Member of the Puerto Rico Senate from the at-large district
- In office 1996 – January 1, 2013

Majority Whip of the Senate of Puerto Rico
- In office 2011–2012
- Preceded by: Larry Seilhamer
- Succeeded by: Rossana López León

President pro tempore of the Senate of Puerto Rico
- In office 2000
- Preceded by: Aníbal Marrero Pérez
- Succeeded by: Velda González

Personal details
- Born: March 6, 1950 (age 76) Aguadilla, Puerto Rico
- Party: New Progressive Party
- Children: Nayda
- Education: University of Puerto Rico at Mayagüez (BA) Temple University
- Profession: Politician

= Luz Arce Ferrer =

Puerto Rican politician

Luz Zenaida "Lucy" Arce Ferrer (born March 6, 1950), is a Puerto Rican politician. She served as a member of the Senate of Puerto Rico from 1996 till 2013.

== Early years and studies ==

Lucy Arce was born in Aguadilla, Puerto Rico. She completed a Bachelor of Arts with a concentration in English from the University of Puerto Rico at Mayagüez. Then, she earns her certification in Public Housing Administration from Temple University.

== Professional career ==

Arce has worked as a teacher with the Head Start Program, and as an Ombudsman for the Aguadilla region. She also worked as Regional Director of the Public Housing Administration in Aguadilla, and then as Regional Manager of the Association of Commonwealth Employees (AEELA) in Arecibo.

In 1993, Arce was appointed as Auxiliar Administrator of the Retirement System Administration for the Government Employees of Puerto Rico. She also served as Commissioner of the Women Affairs Commission.

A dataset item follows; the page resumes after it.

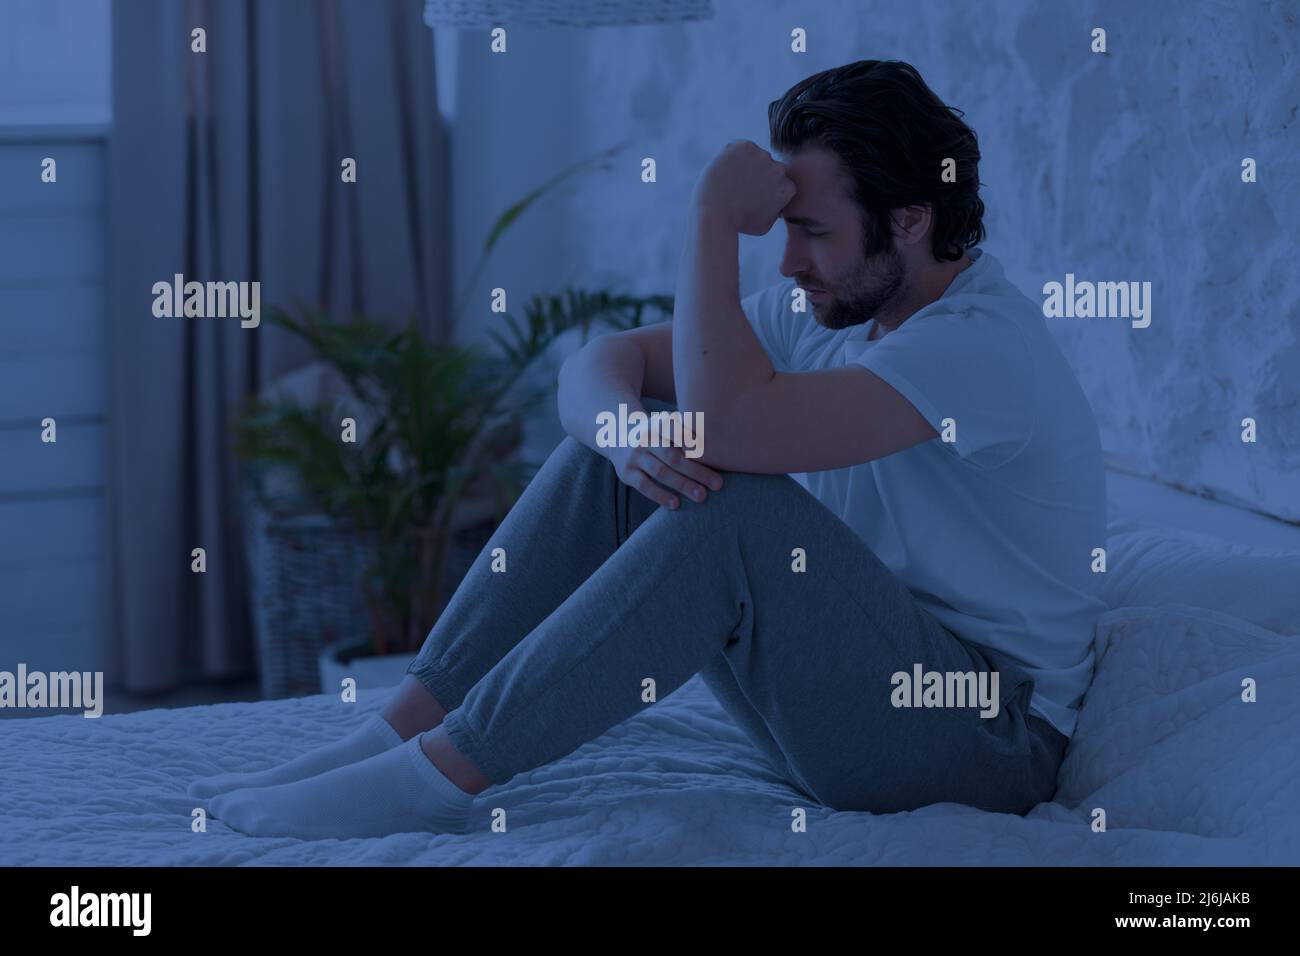 Sleepless millennial man feeling down at night, bedroom interior Stock Photo

She has been a member of the League of United Latin American Citizens (LULAC) for more than 30 years. She actively participates in other grassroots organizations in Puerto Rico and the United States.

== Political career ==

Arce began her political career with the pro-statehood youth in Aguadilla. She presided the Women Organization of the New Progressive Party for eleven years, and also served as vice-president of the party.

In 1996, Arce was elected as Senator At-large. She was the third candidate with most votes, and the second within her party. She was reelected in 2000 and 2004. Arce won a slot in the PNP ballot at the PNP primaries and in 2008, she was elected for her fourth consecutive term, being the fourth candidate with most votes, and the third within her party.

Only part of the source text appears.